L’objectif de l’entretien d’explicitation (Vermersch, 2014 [1994]) est d’amener l’interviewé à verbaliser son activité réelle – et non le prescrit de son travail ou son opinion. Toutefois, comme le souligne Vermersch, la « verbalisation de l’action est loin d’être spontanée » (ibid., emp. 530-531). Cousin (2008, emp. 191-203) fait un constat similaire à propos du travail des cadres. Il est alors « important de canaliser le sujet vers ce domaine de verbalisation particulier qu’est l’action » (Vermersch, 2014 [1994], emp. 587-588), en l’aiguillant par des relances.
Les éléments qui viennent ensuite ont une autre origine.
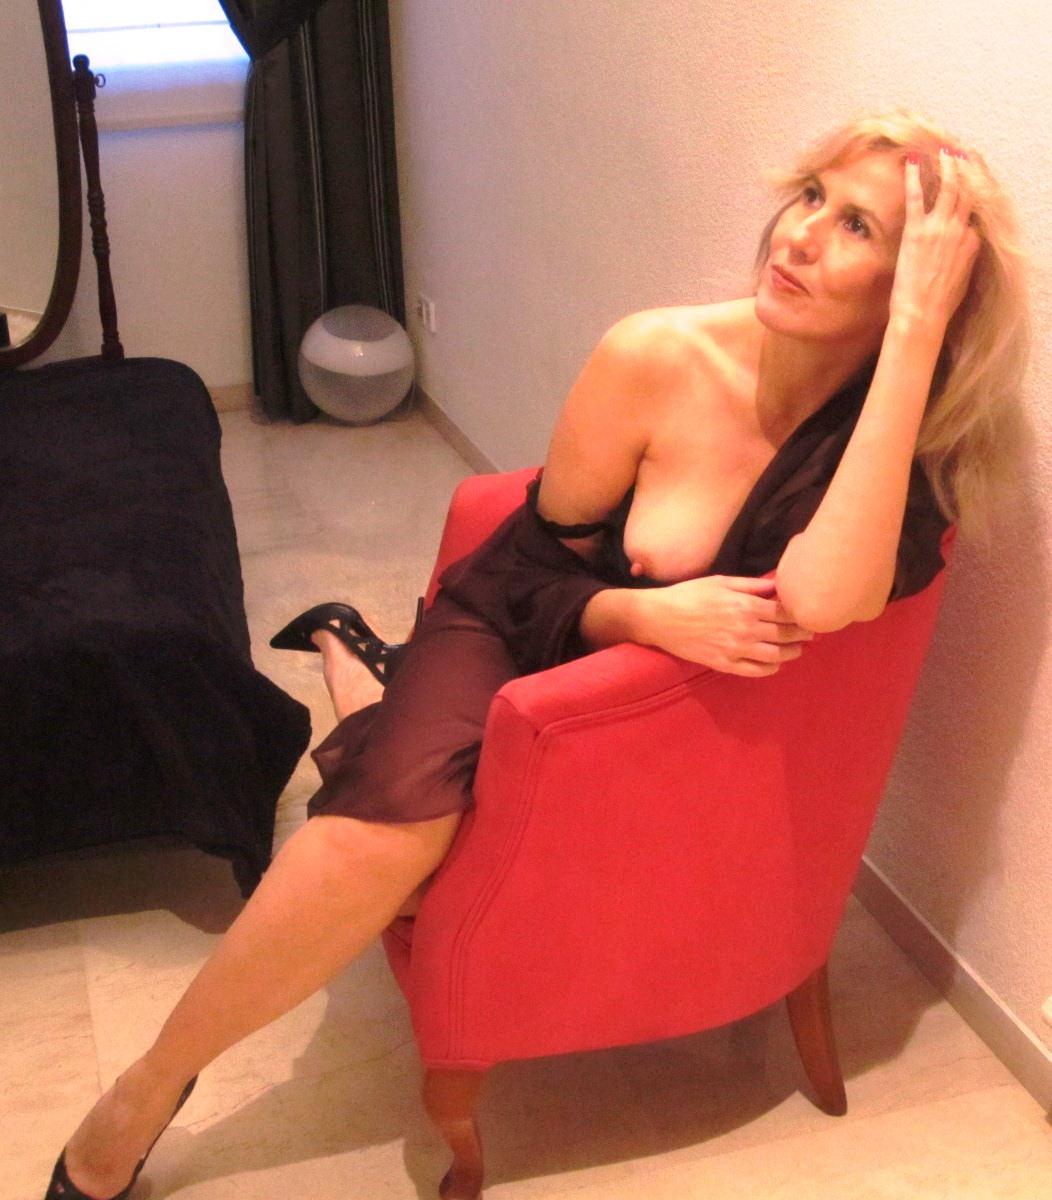 prostitutas por placer donde hay prostitutas en pontevedra

Pour parvenir à cette explicitation, il est nécessaire de situer l’action, de ramener la verbalisation à une « occurrence particulière de la situation ou de la tâche » et non à « une classe d’actions en référence à une classe de tâches » (Vermersch, 1997, p. 65). Pour initier et confronter les verbalisations, l’intervieweur peut prendre appui sur les traces et les observables de l’activité qu’il aura pu collecter en amont. Dans le cadre de nos entretiens, nous nous sommes par exemple servis de courriels, d’une chronique d’activité et d’observations lors de réunions pour amener des RRHL à verbaliser leurs activités.

Durant nos quatre années d’intervention-recherche, la grille que nous avons utilisée pour nos échanges a progressivement évolué. Néanmoins, certaines thématiques ont toujours été reconduites pour nos entretiens avec les professionnels RH :

- le parcours professionnel de l’interviewé, ce qui l’a attiré vers la gestion des ressources humaines ;

- la place des questions de SST dans son travail, ses pratiques en la matière, son approche, ses représentations, les problèmes rencontrés pour réaliser son travail et les ressources développées ;

- ses rapports avec les acteurs centraux, en particulier avec les acteurs de la direction RH et les dirigeants de sa business unit (BU) – lorsque l’entretien était avec un acteur local ;

- ses rapports avec les acteurs locaux – lorsque l’entretien était avec un acteur RH central ;

- ses rapports avec les autres fonctions, au niveau local (salariés, représentants syndicaux, directeur d’usine, responsable HSE, médecin du travail, etc.) et au niveau central (direction HSE, médecin coordinateur, BU, direction technique, autres pôles RH) ;

- l’organisation, en particulier temporelle, de son propre travail ; - le travail à domicile, le soir et le weekend ;

- les espaces de discussion sur le travail auxquels il participe, sa possibilité de faire remonter ses difficultés, de débattre sur ses règles ;

175 - le rapport à son travail, ses satisfactions, ses mobiles, ses frustrations ;

- sa pratique du terrain.

Soulignons cependant pour conclure que le formalisme des entretiens peut être limitant dans le type d’information obtenu (Dugué, 2005, pp. 96‑97). Malgré la confiance que nous avons toujours cherché à établir avec les interviewés, le dictaphone peut décourager la verbalisation d’activités peu « valorisables et valorisantes » ou l’expression d’opinions relatives à d’autres acteurs. Il est donc nécessaire de compléter le recueil de la parole par des entretiens informels.